EXERCISE DATA:
━━━━━━━━━━
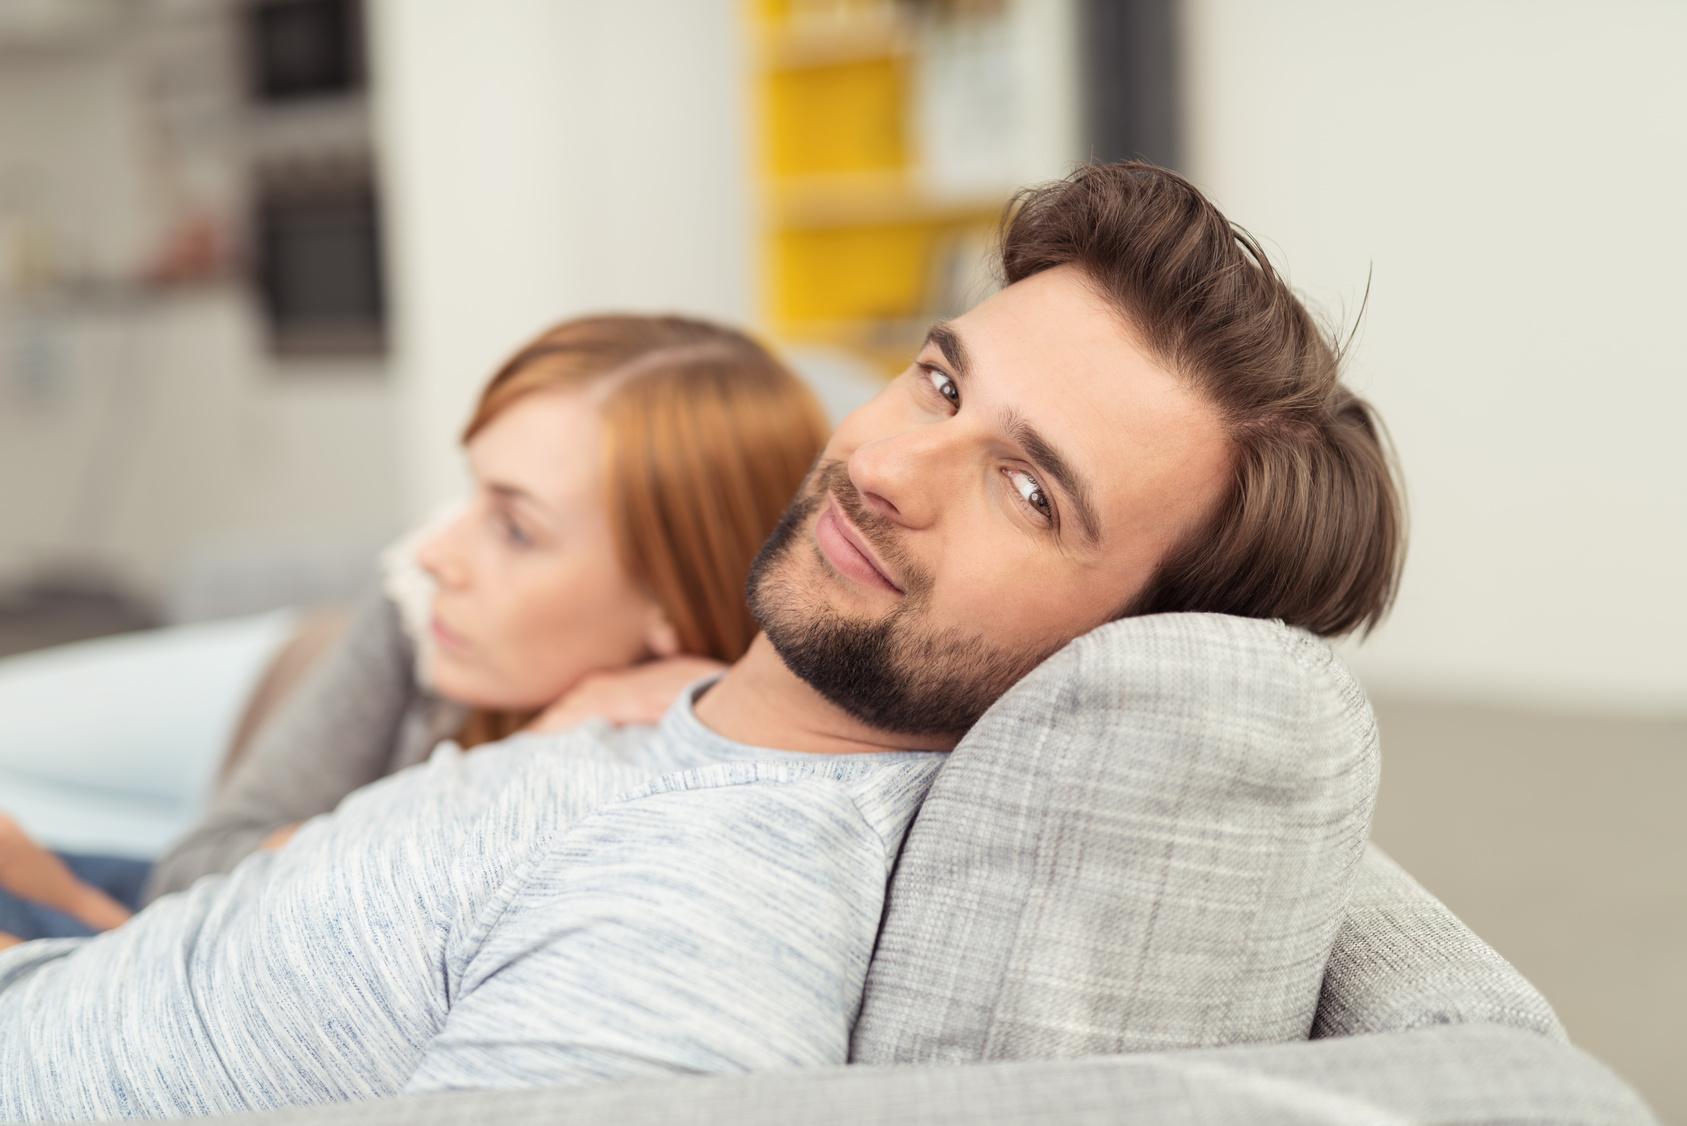 mann liegt entspannt auf dem sofa mit seiner freundin
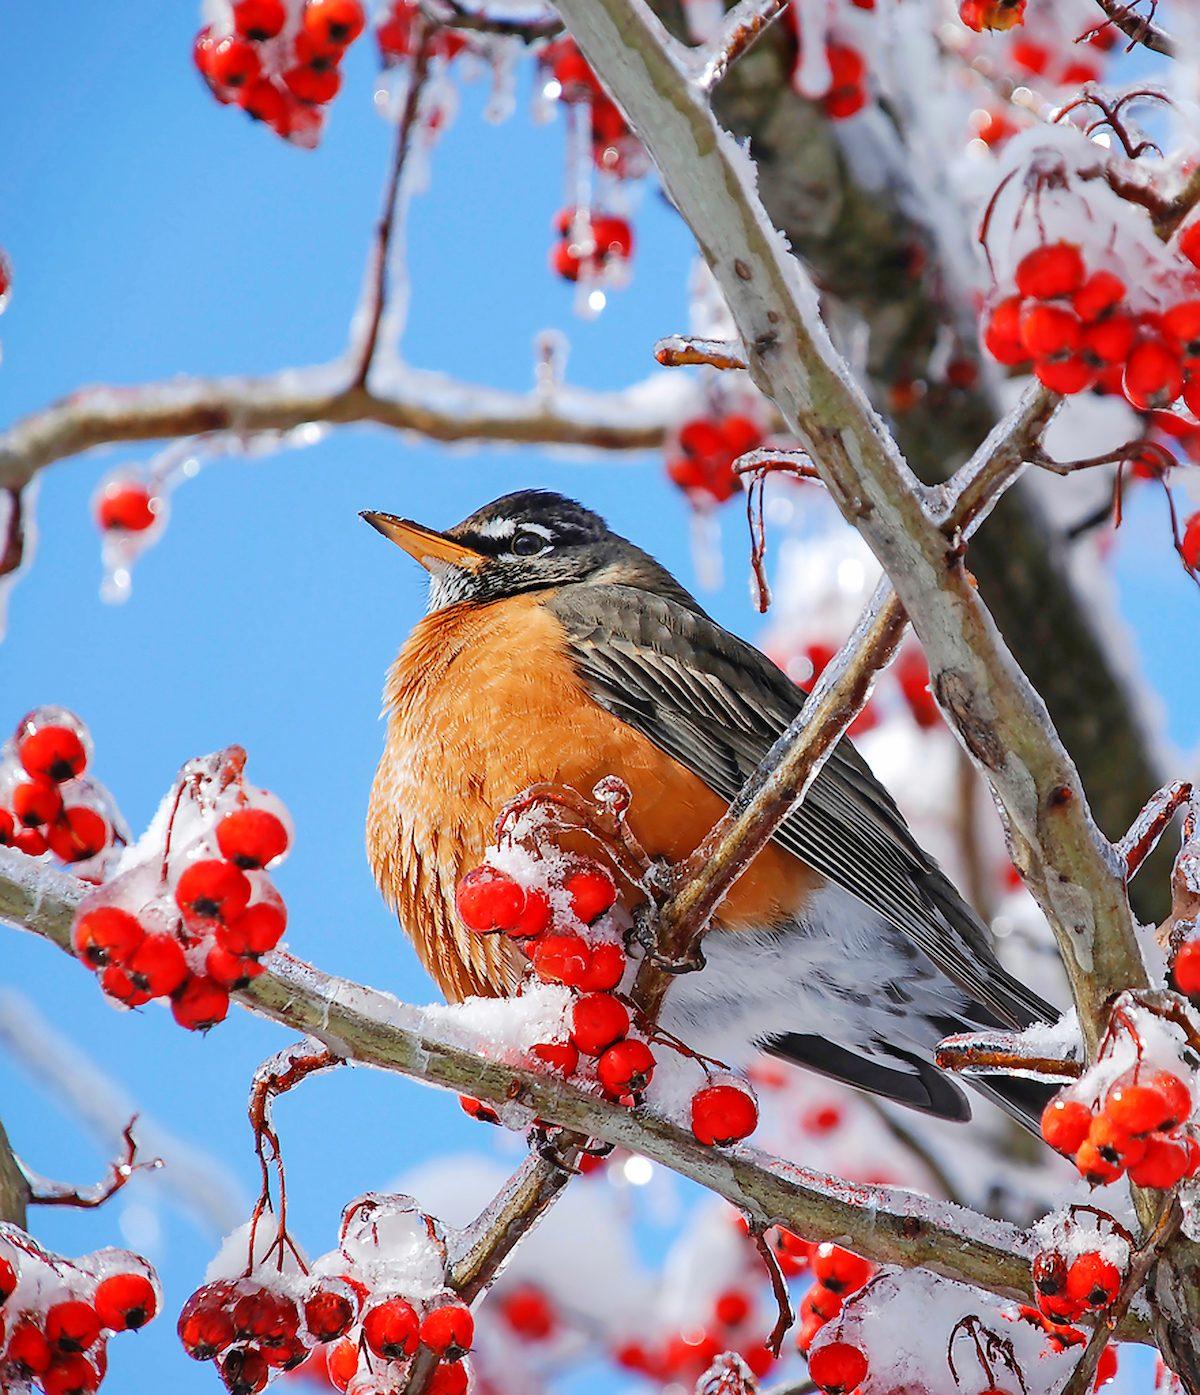 robin in snowy berry tree
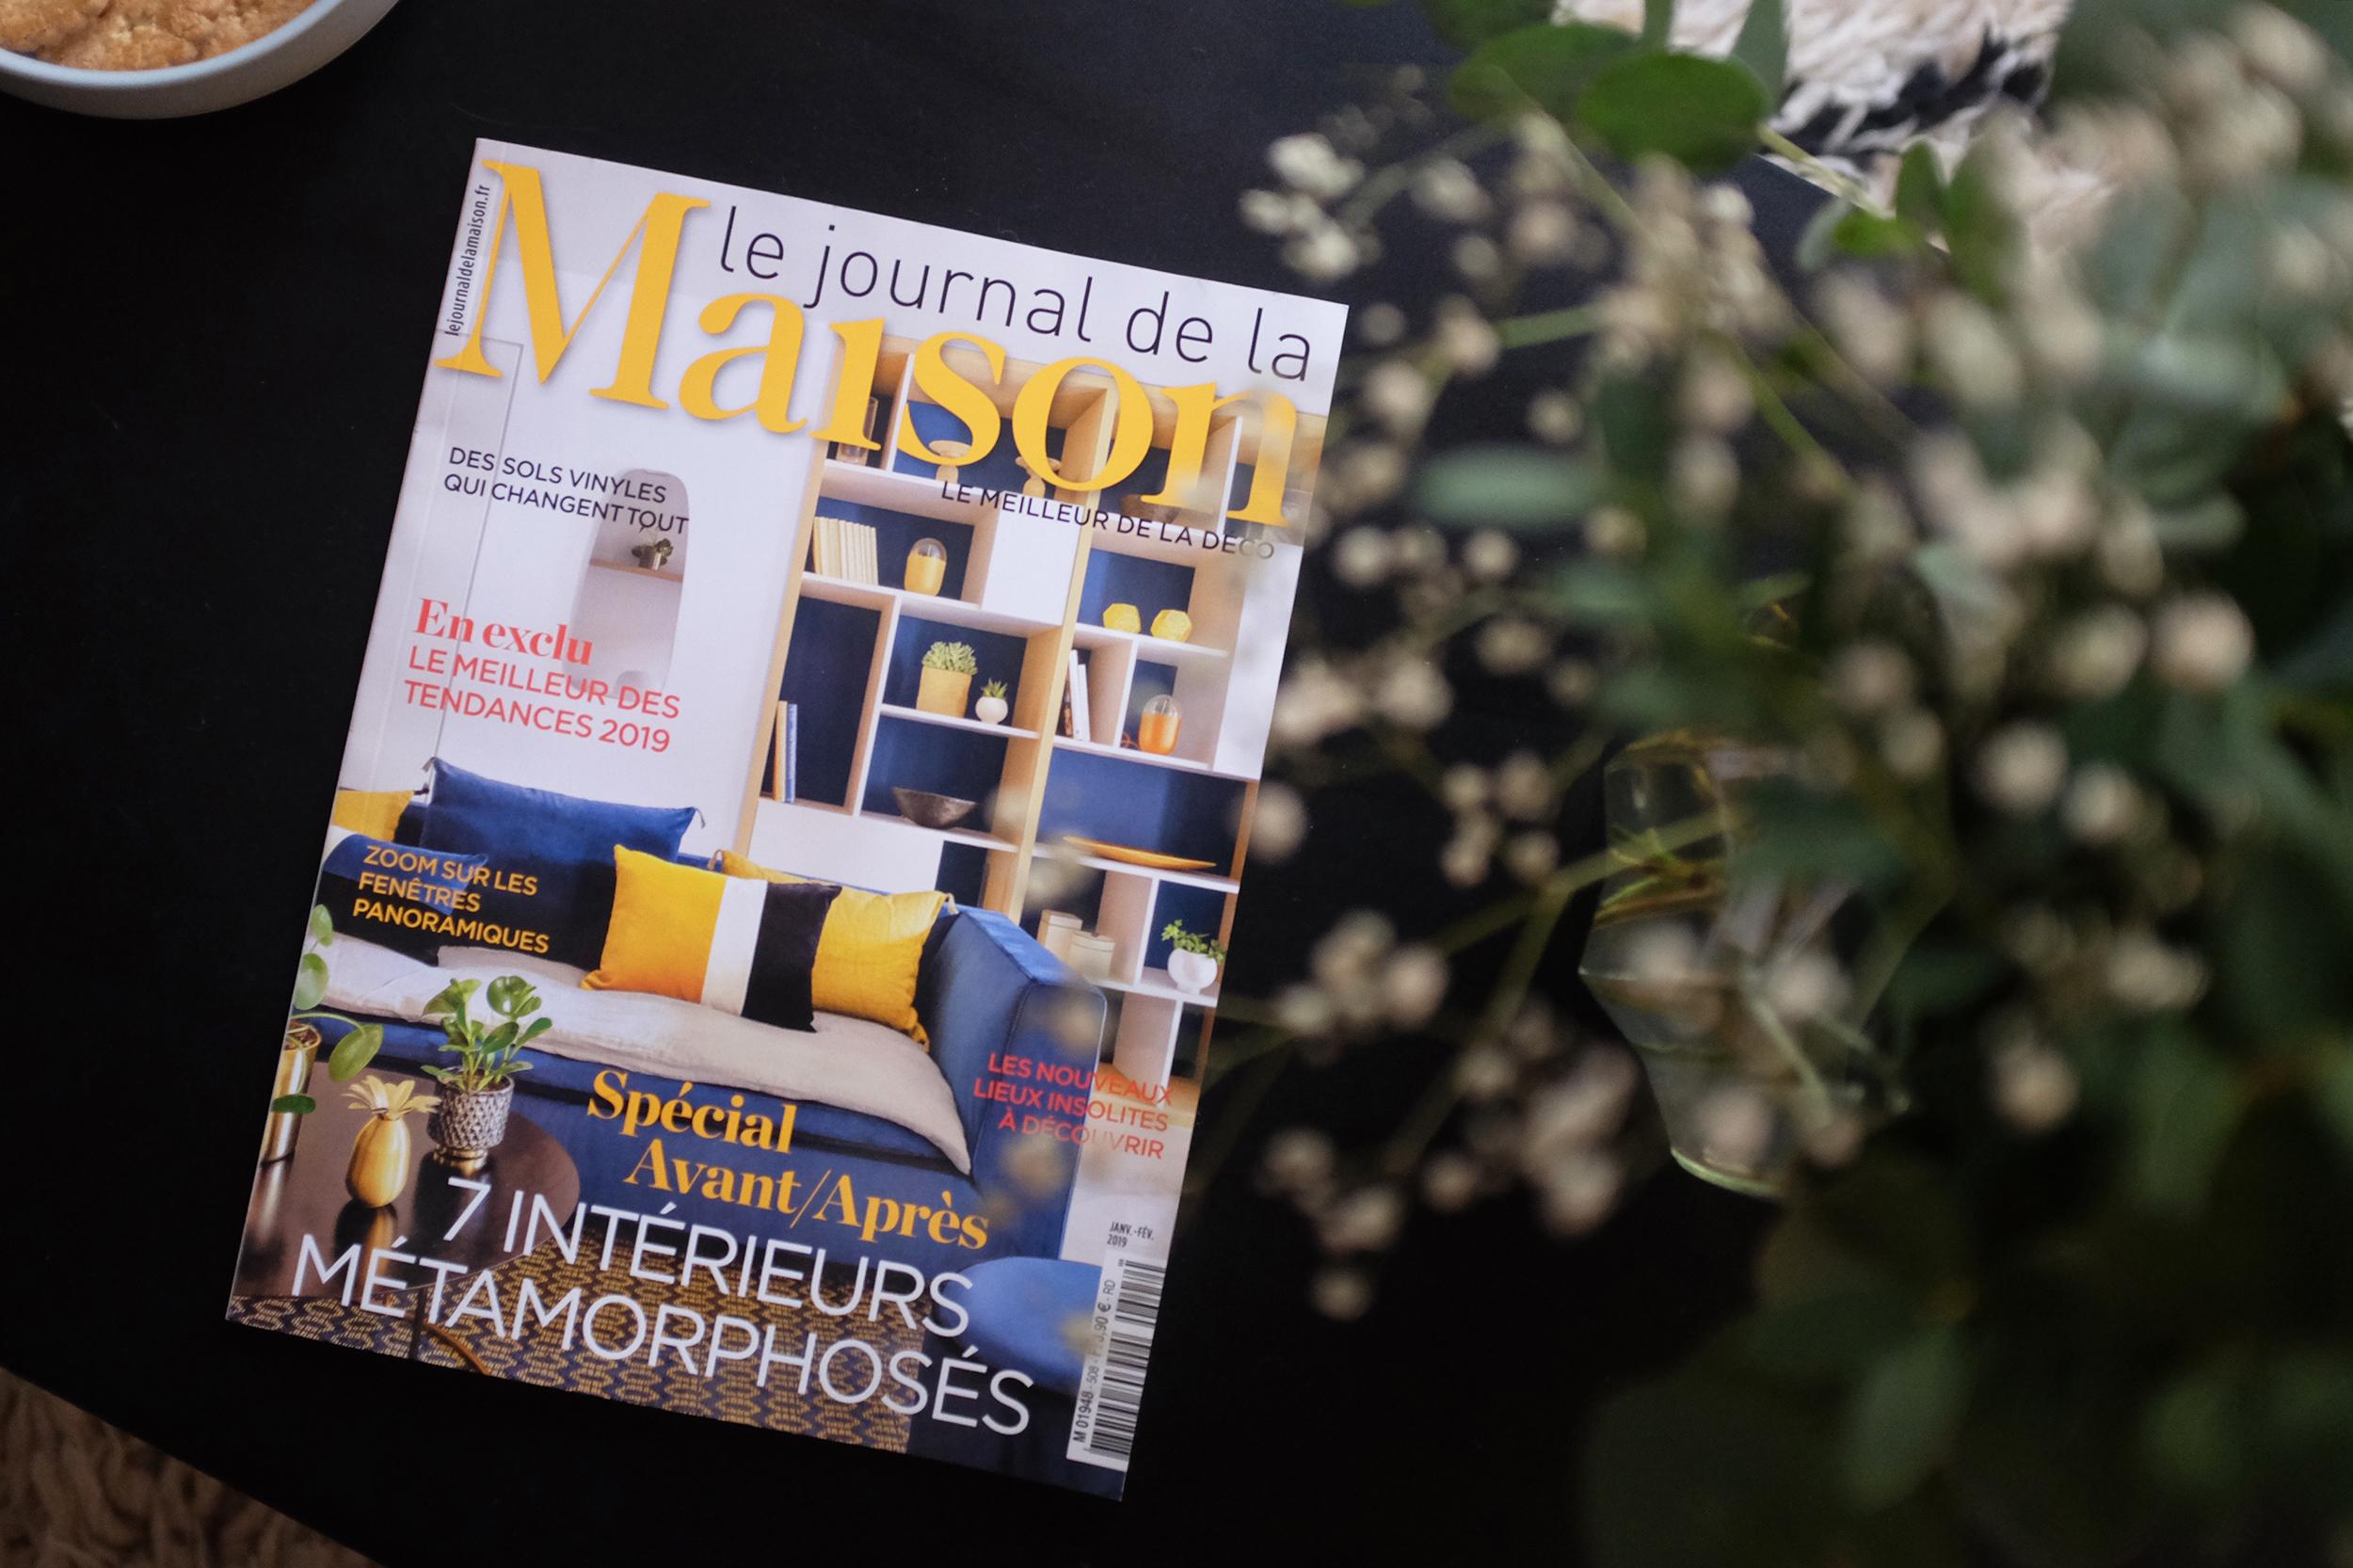 Revue de presse - Architecte d'intérieur Studio Mariekke - Paris
━━━━━━━━━━
TASK DESCRIPTION:
Repeat the material above in full and unchanged, minus its images.

EXERCISE RESULT:
 mann liegt entspannt auf dem sofa mit seiner freundin
 robin in snowy berry tree
 Revue de presse - Architecte d'intérieur Studio Mariekke - Paris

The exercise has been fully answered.